* [Task]
In your reply, print every line of the listing exactly and omit all images.

* [Recorded data]
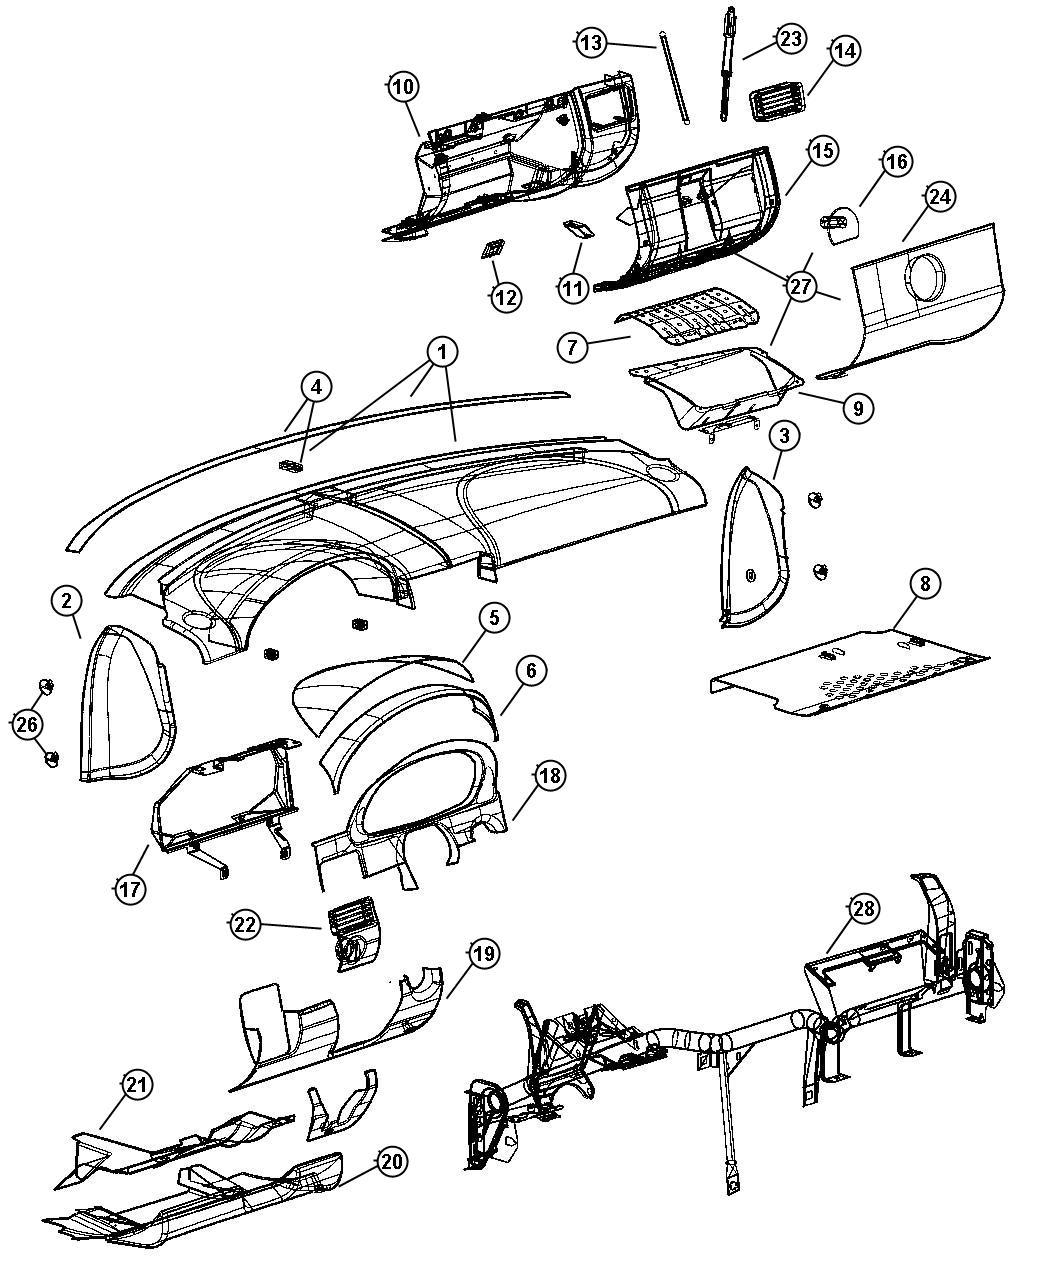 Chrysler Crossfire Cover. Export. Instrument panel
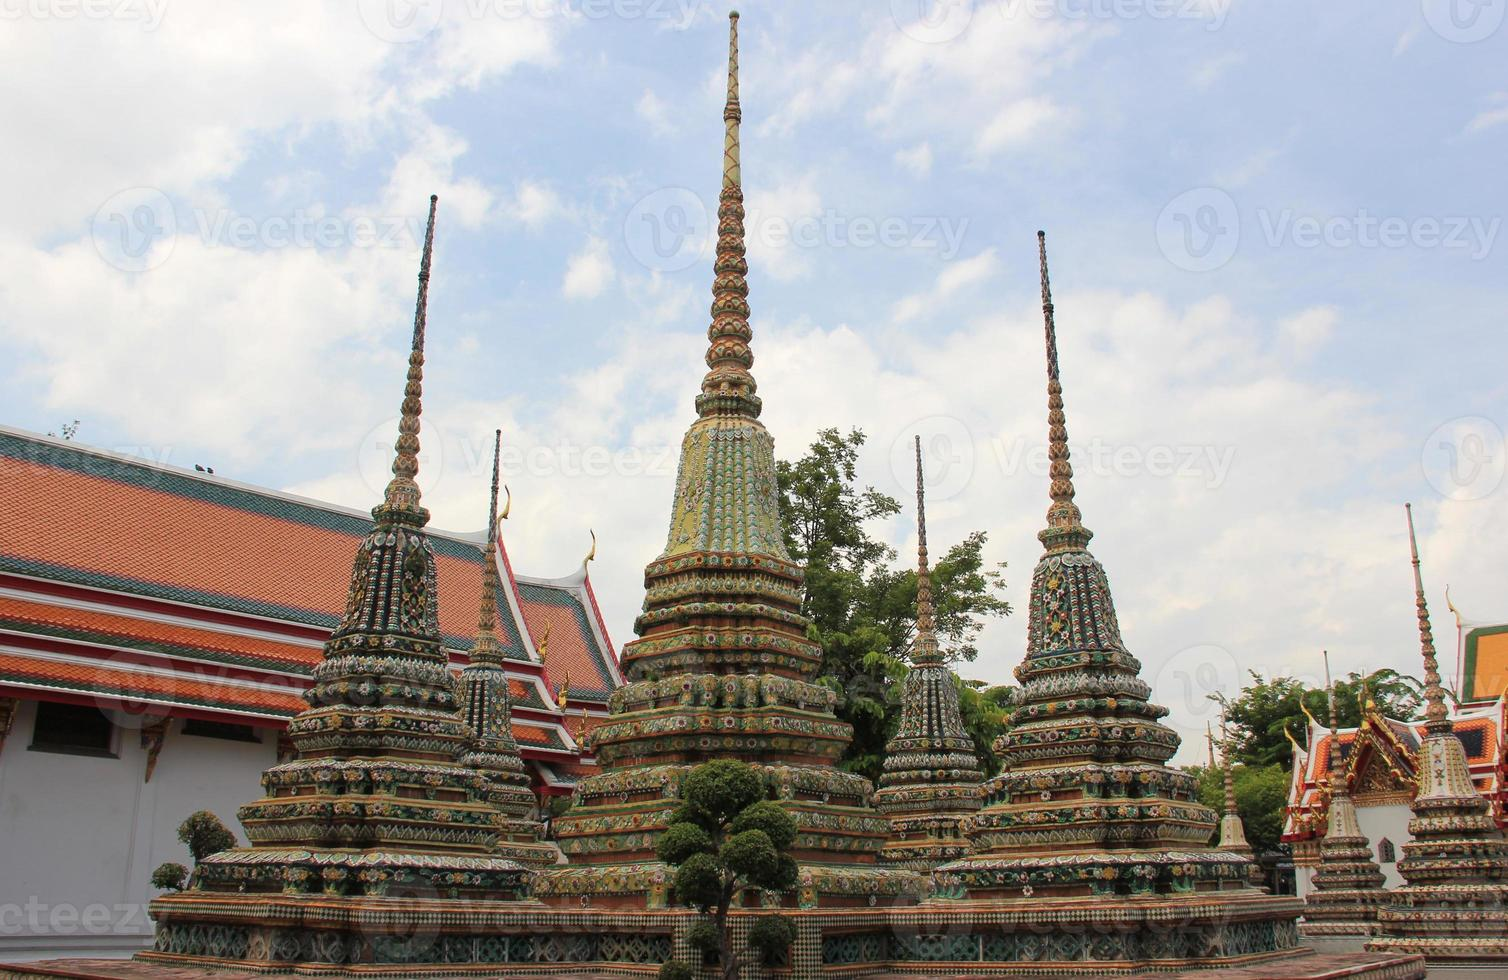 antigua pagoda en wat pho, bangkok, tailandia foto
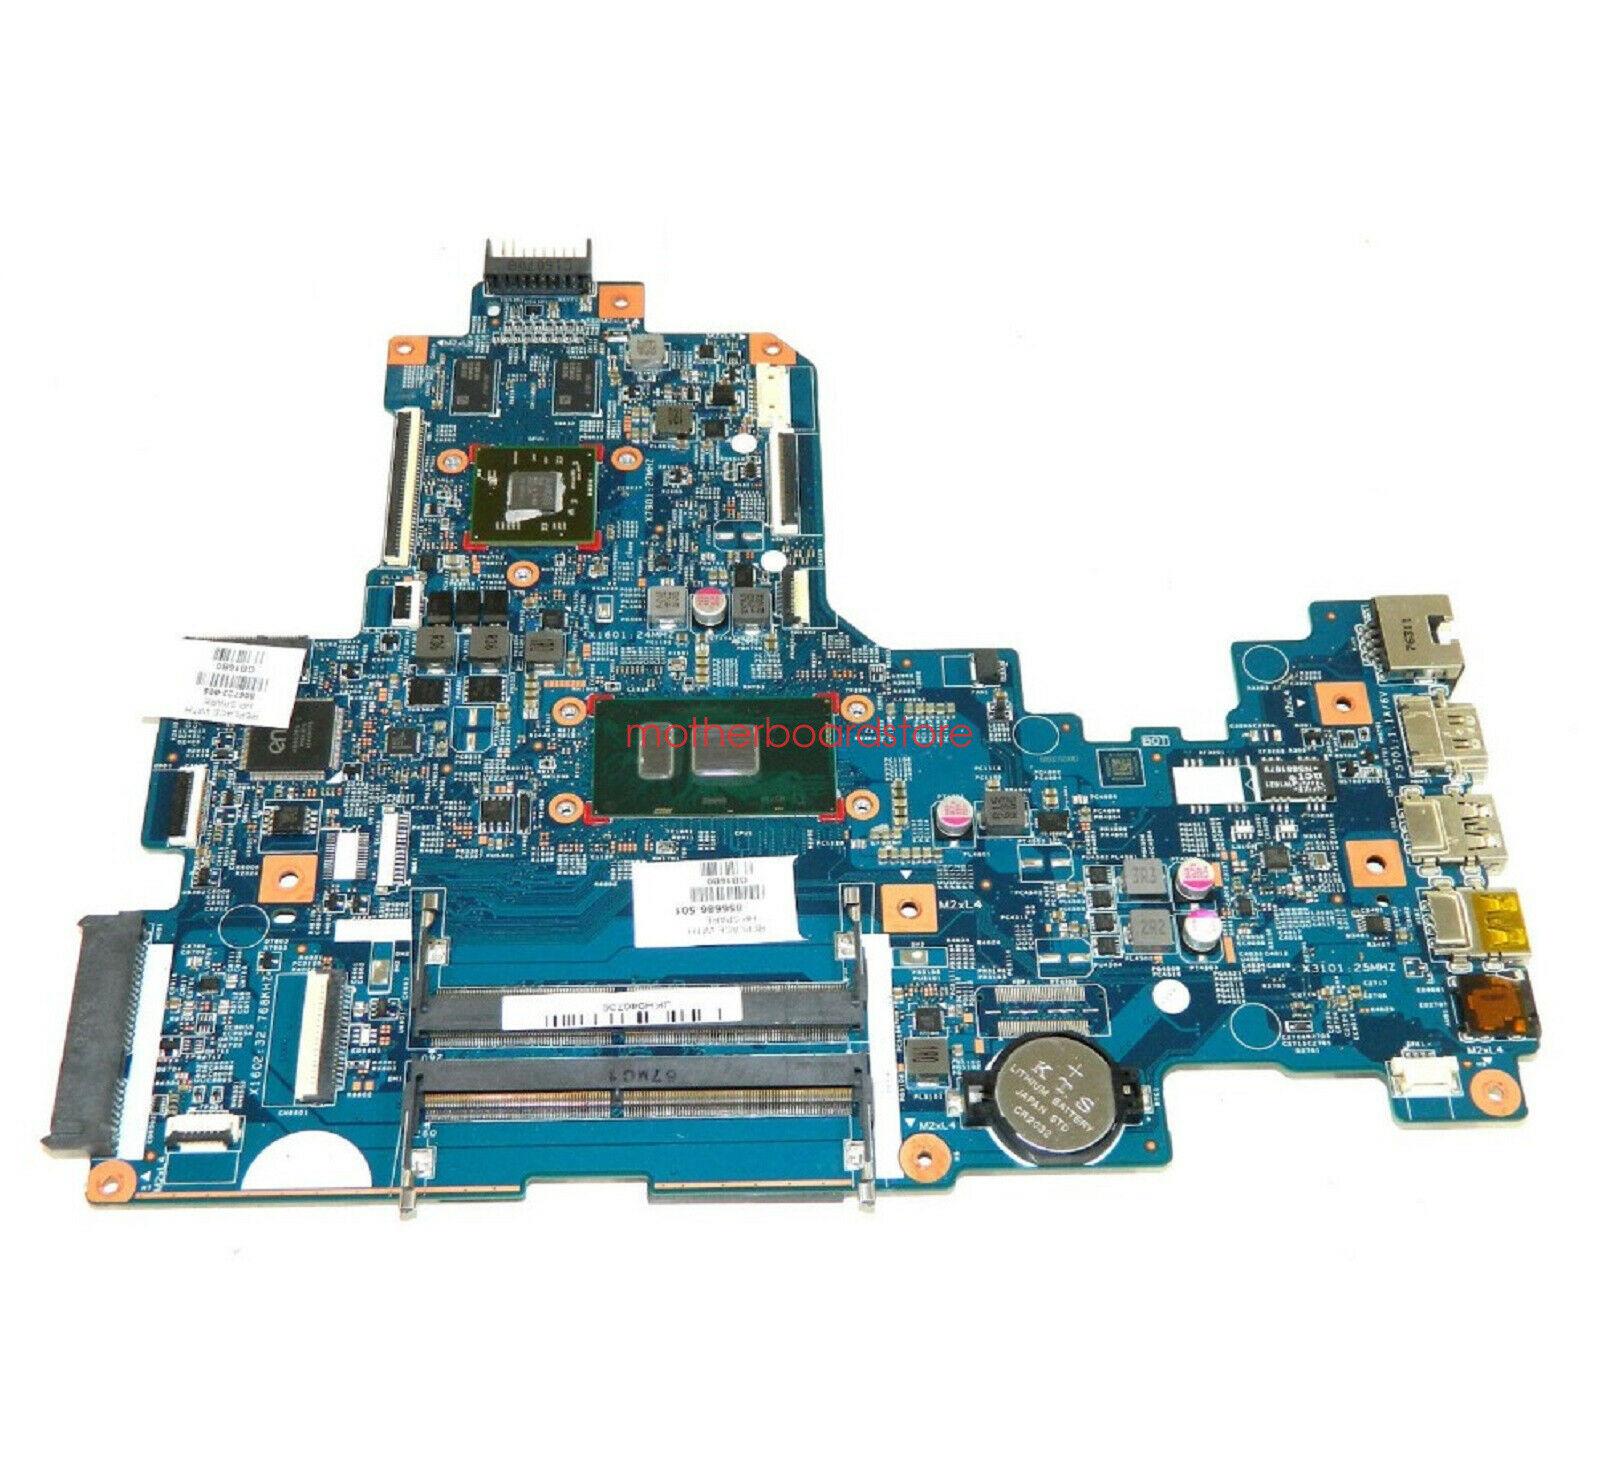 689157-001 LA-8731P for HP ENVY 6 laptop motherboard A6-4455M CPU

* [Task response]
 Chrysler Crossfire Cover. Export. Instrument panel
 antigua pagoda en wat pho, bangkok, tailandia foto
 689157-001 LA-8731P for HP ENVY 6 laptop motherboard A6-4455M CPU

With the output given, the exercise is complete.